| MATERIAL TO PROCESS |
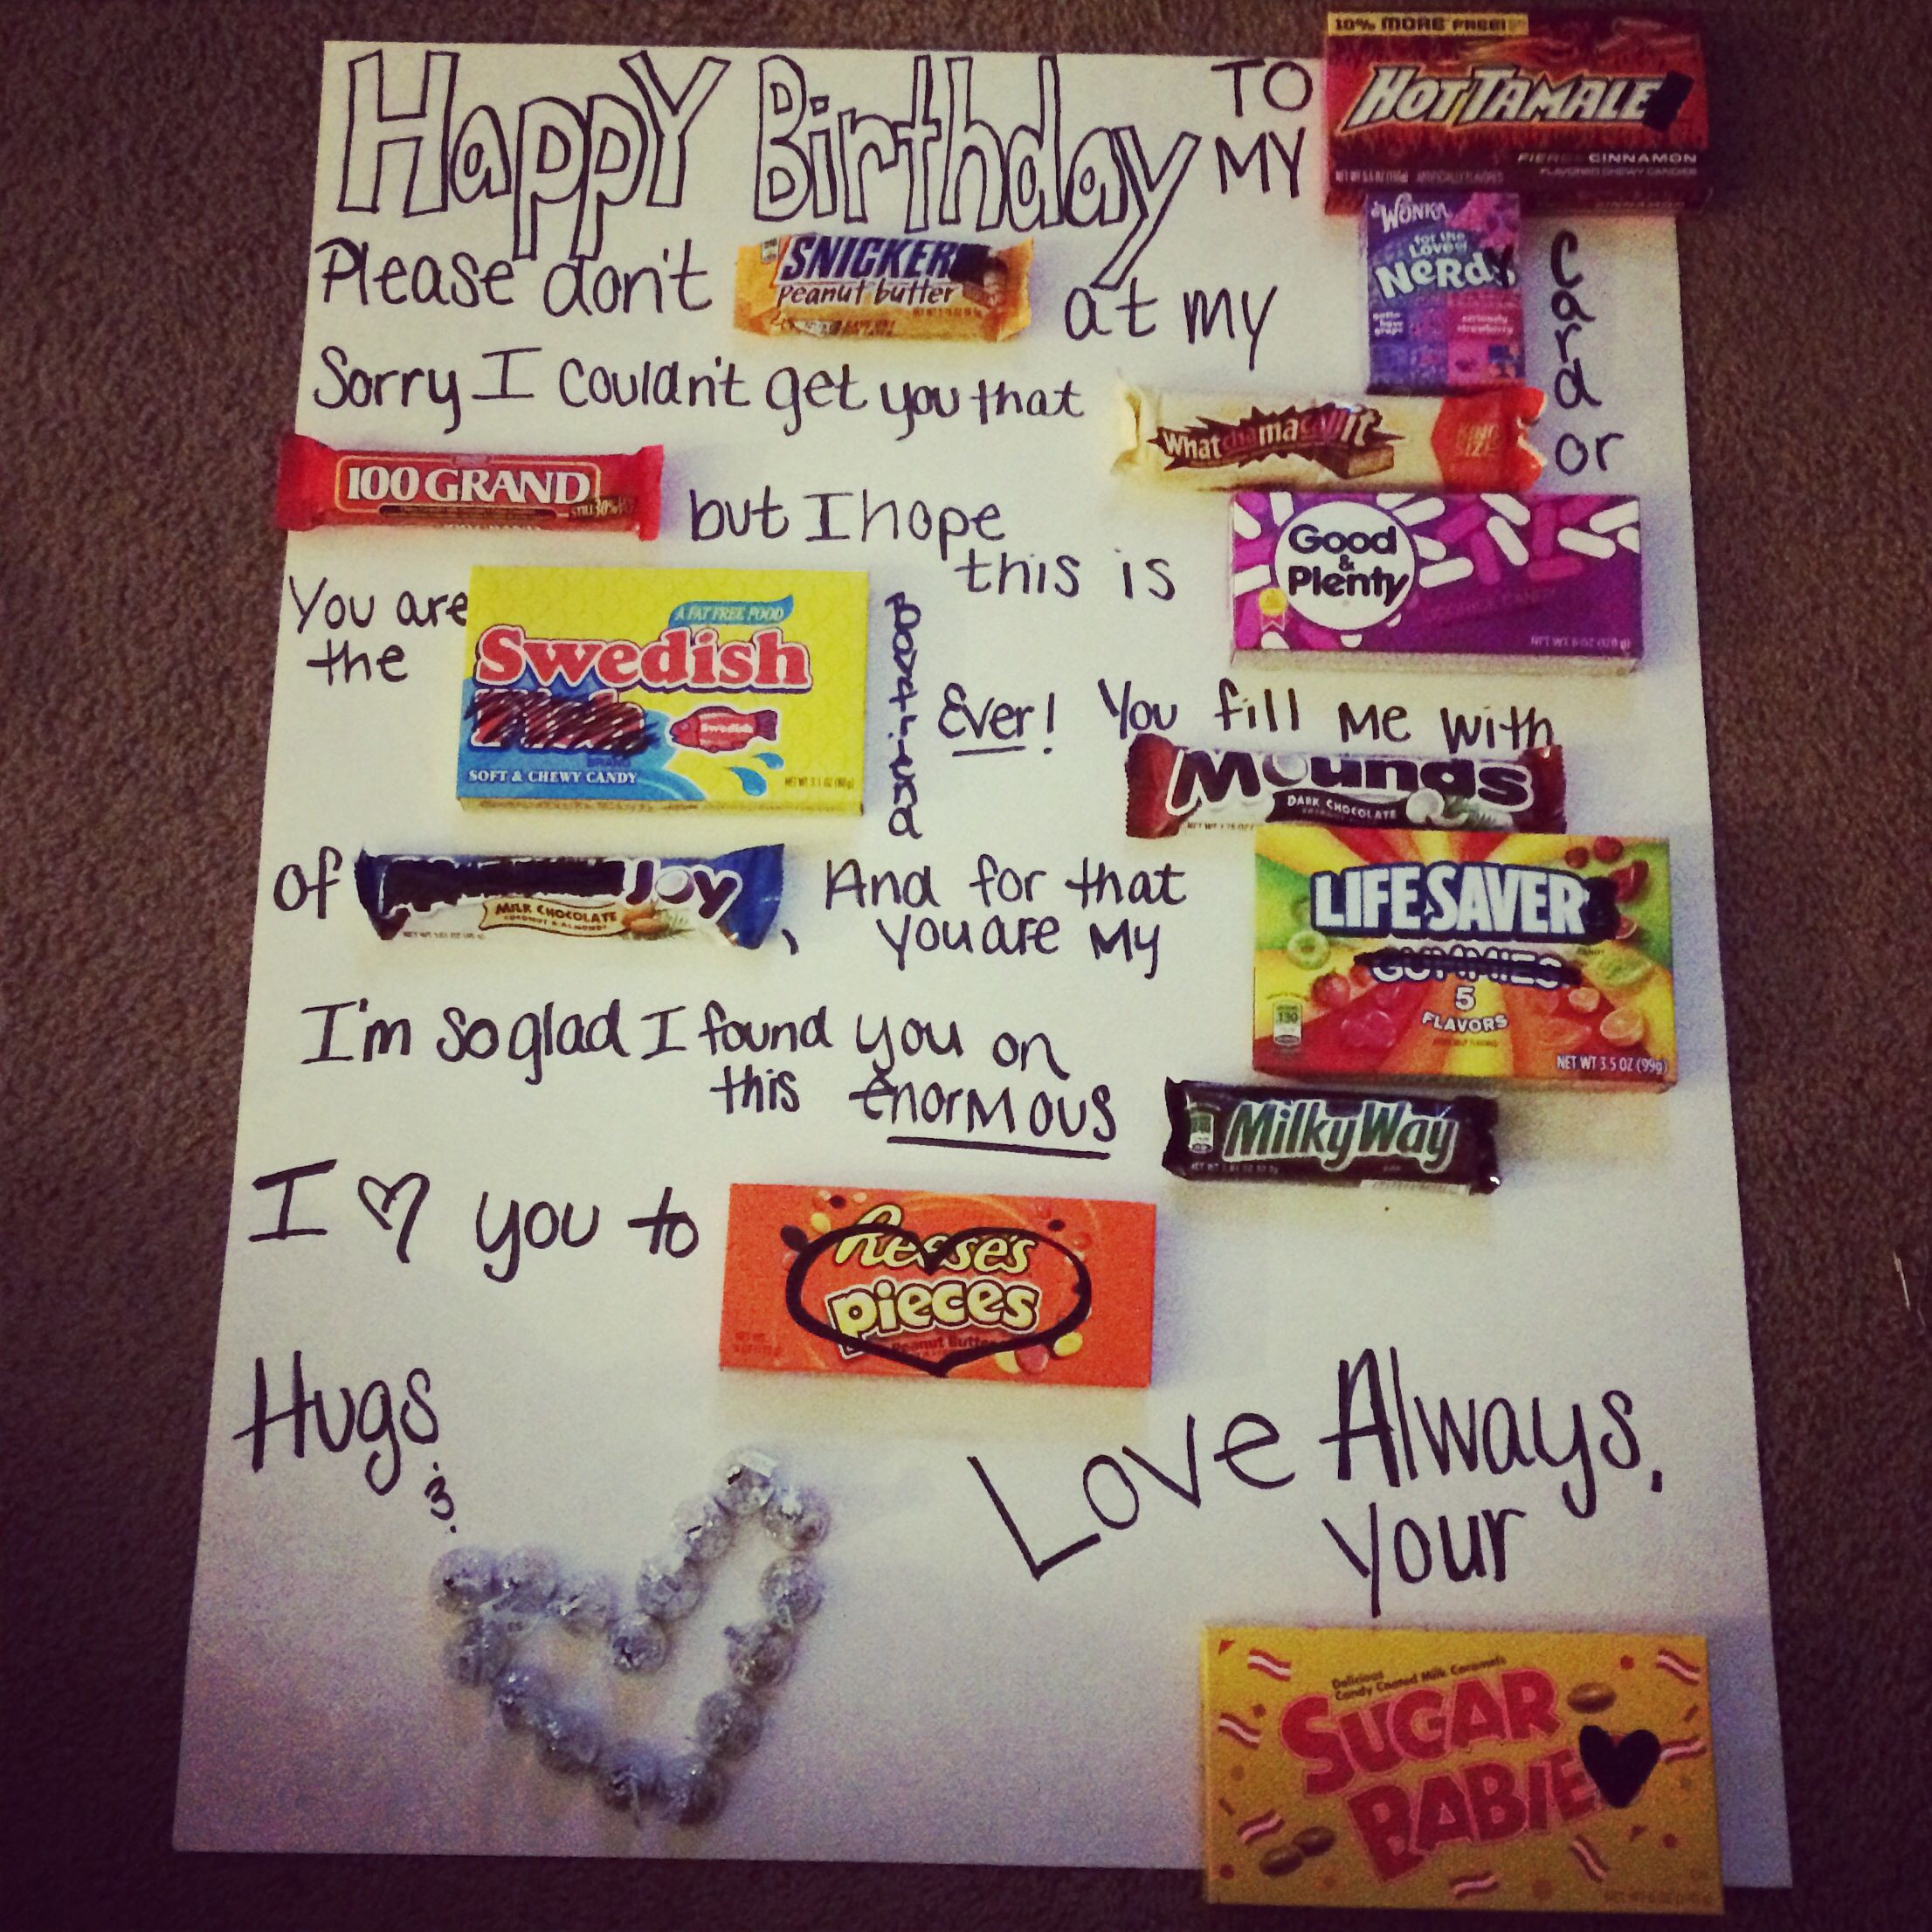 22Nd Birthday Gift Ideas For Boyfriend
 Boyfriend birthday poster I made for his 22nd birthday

---

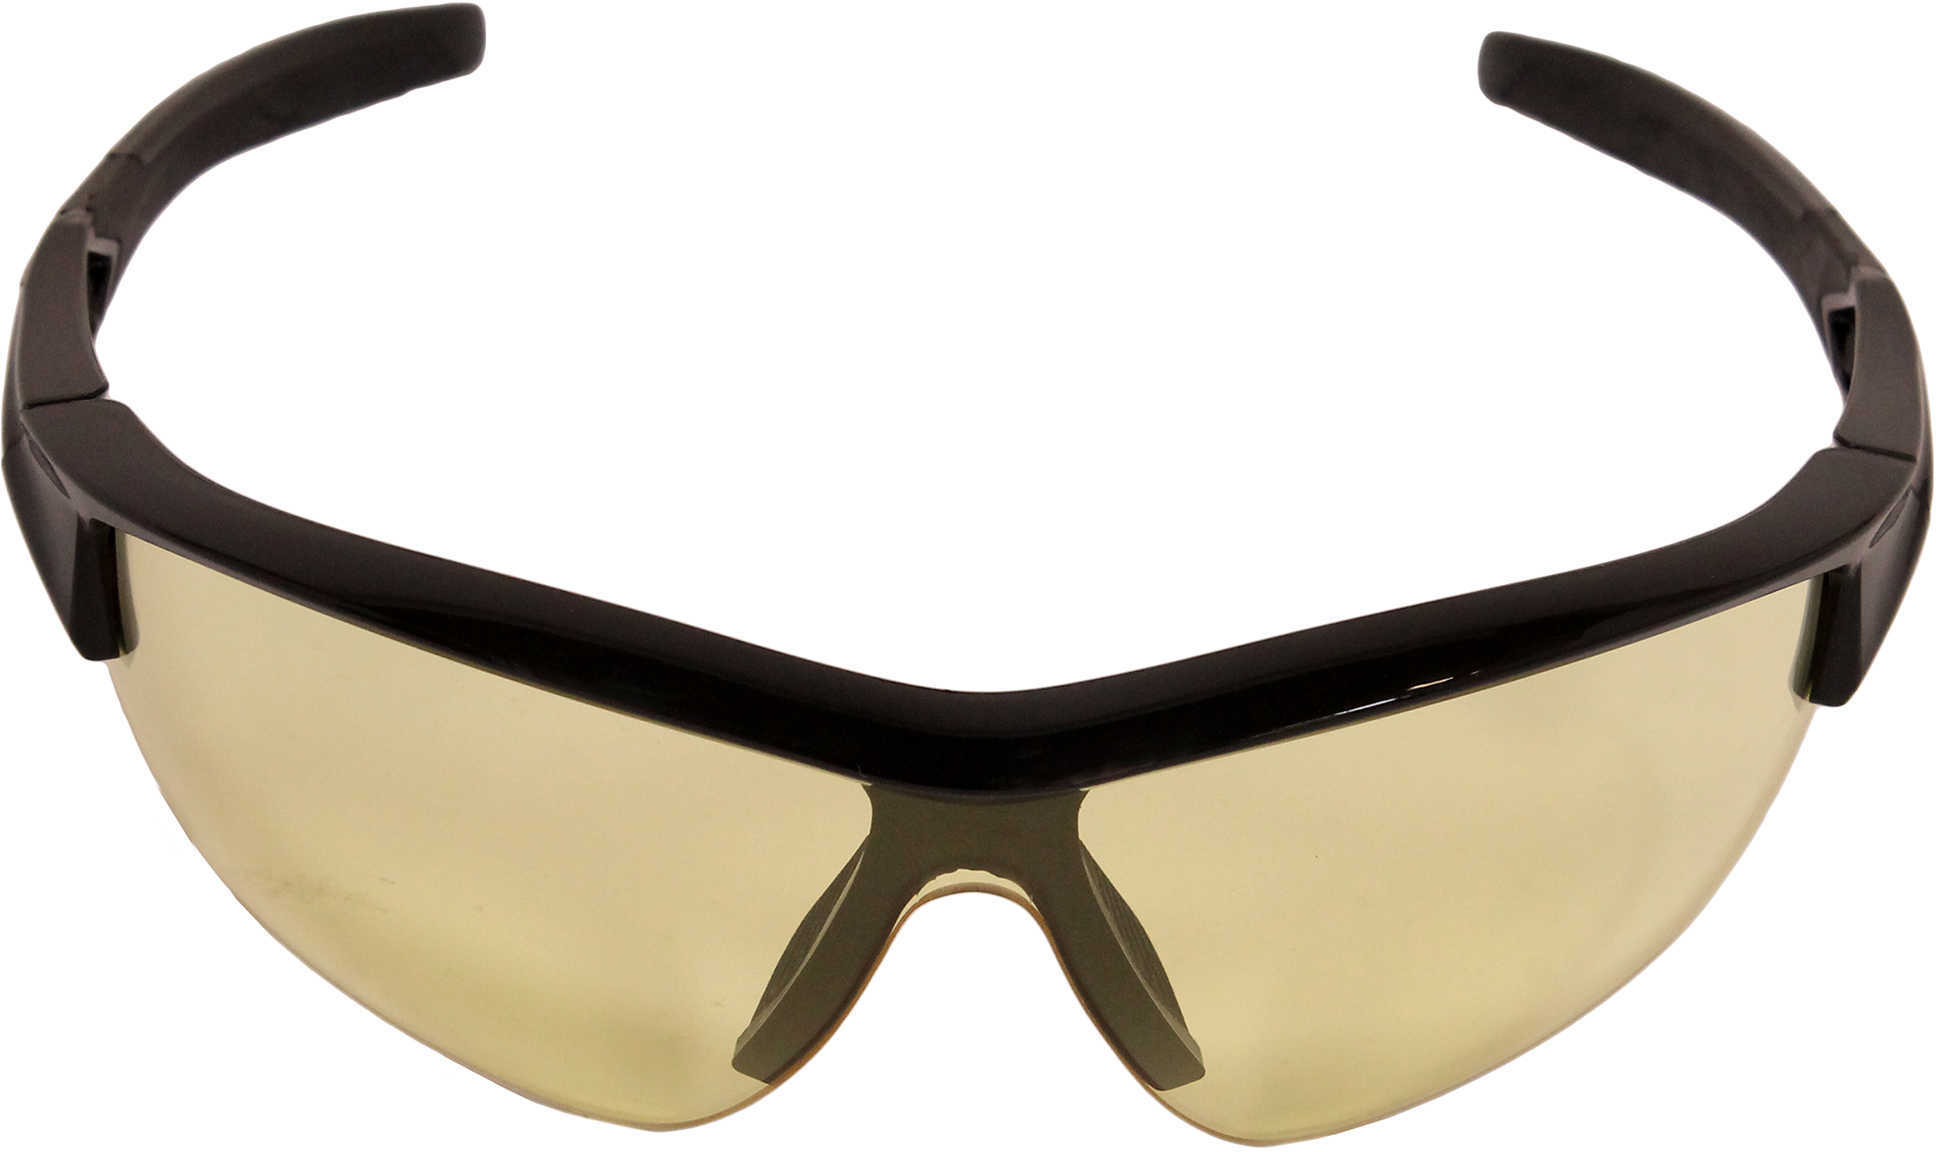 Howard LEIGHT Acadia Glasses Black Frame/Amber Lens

| WORK ORDER |
With the pictures removed from your copy, retype the lines above from the one that contains "22Nd Birthday Gift Ideas For Boyfriend" through the one that contains "Boyfriend birthday poster", exactly.

| SOLUTION FOR THIS EXERCISE |
 22Nd Birthday Gift Ideas For Boyfriend
 Boyfriend birthday poster I made for his 22nd birthday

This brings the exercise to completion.